Identification of an “Acidic” C-Terminal Mineral Modification Sequence from the Mollusk Shell Protein Asprich

Abstract

The formation of the mineralized mollusk shell involves the participation specific proteins to control mineral formation and morphology. Recent sequencing studies have identified a subfamily of seven proteins that are specific for the prismatic or calcitic layer of the mollusk Atrina rigida. This subfamily, named Asprich a through g, are polyanionic in sequence and contain conserved sequence regions at the N- and C-termini that are believed to play a role in mineral formation. Using solid-phase peptide synthesis, we have recreated the 42-AA C-terminal domain of Asprich which contains two conserved subdomains, the 17 AA Asp, Glu, Ala repeat (DEAD17) and the Asp, Glu-rich 25 AA acidic-2 region. Using in vitro calcium carbonate mineralization assays, we demonstrate that the 42 AA C-terminal domain exerts effects on the morphology of forming calcite crystals, leading to the formation of porosities and irregular crystal growth.

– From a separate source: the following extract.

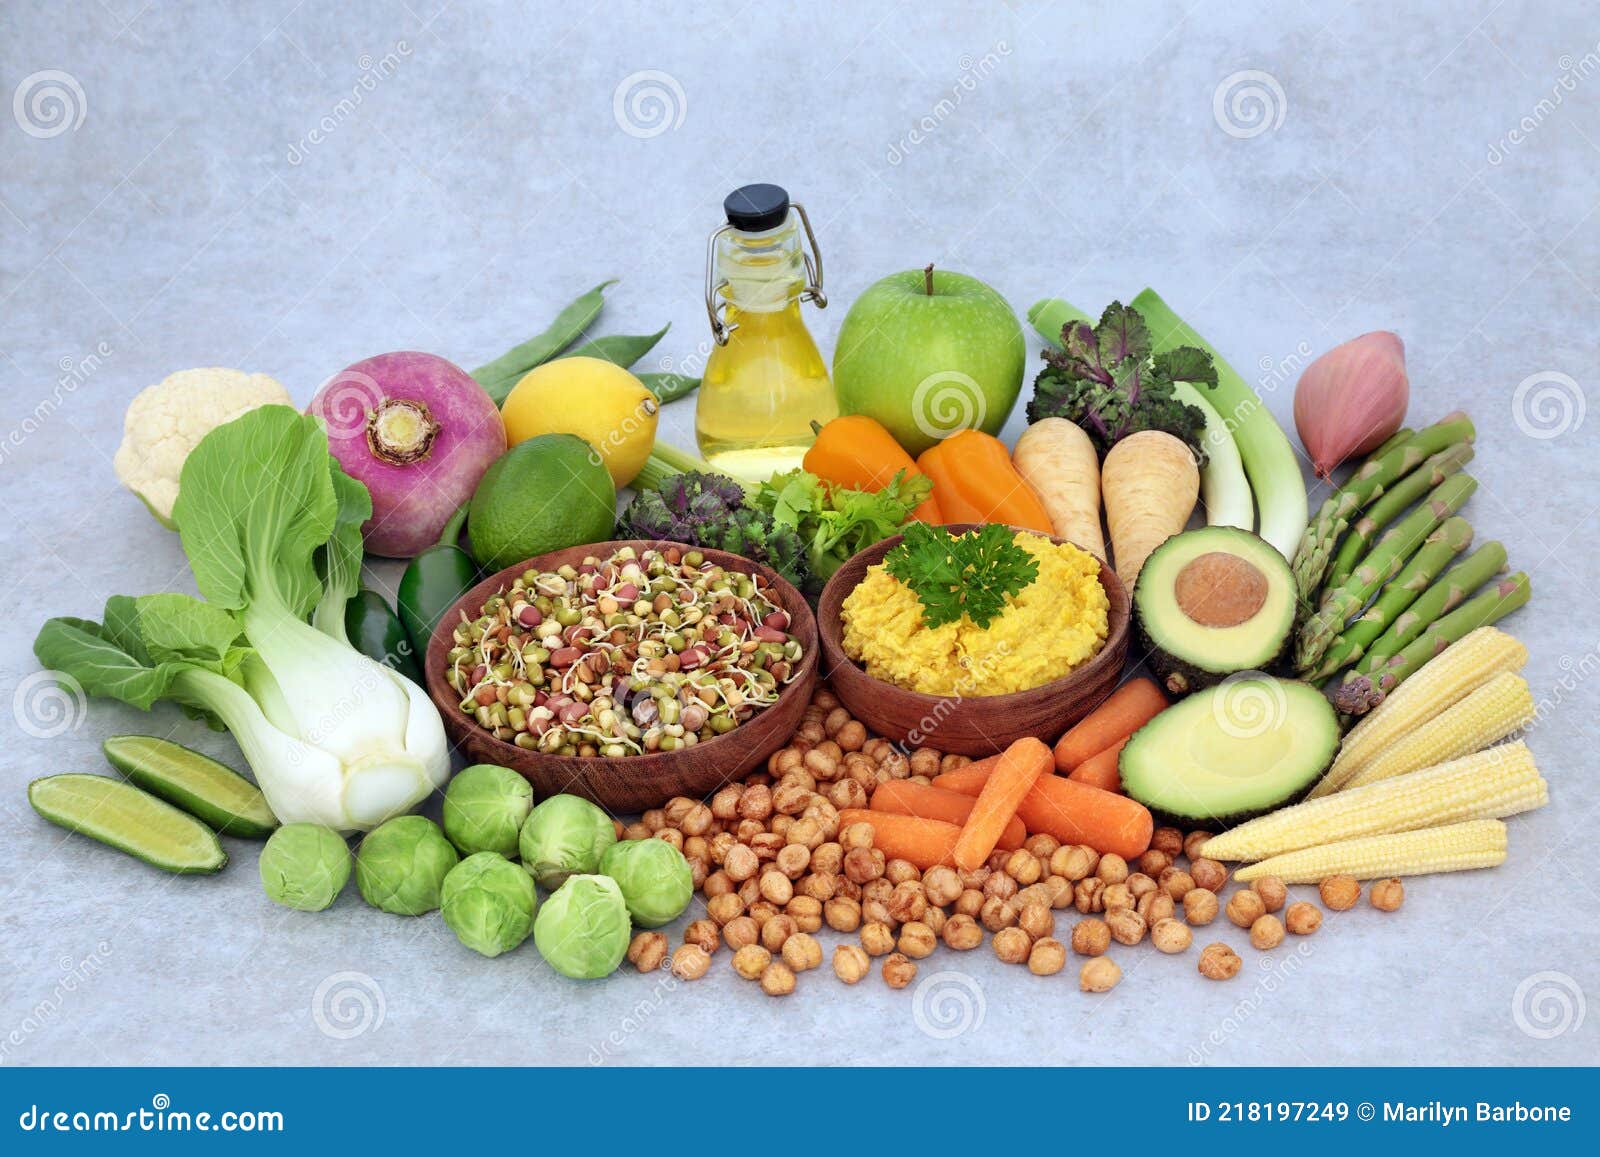 immune boosting plant based vegan health food

The two subdomains, DEAD17 and acidic-2, exert similar, albeit weaker, effects on crystal growth as well. Interestingly, when DEAD17 and acidic-2 are present as free peptides in a 1:1 mole mixture in parallel mineralization assays, the resulting peptide-mediated effects on calcite morphology are dramatically different from the results obtained for either the 42 AA C-terminal domain or the individual DEAD17 and acidic-2 domains themselves. These results suggest that the functionality of the individual DEAD17 and acidic-2 subdomains can be transformed depending upon the presence of other free peptide species. Structurally, the 42 AA C-terminal domain and the two subdomains are remarkably similar to one another and are conformationally labile, existing in an equilibrium with random-coil and other undefined secondary structures at neutral pH, traits that are also common to calcium carbonate-specific polypeptide sequences.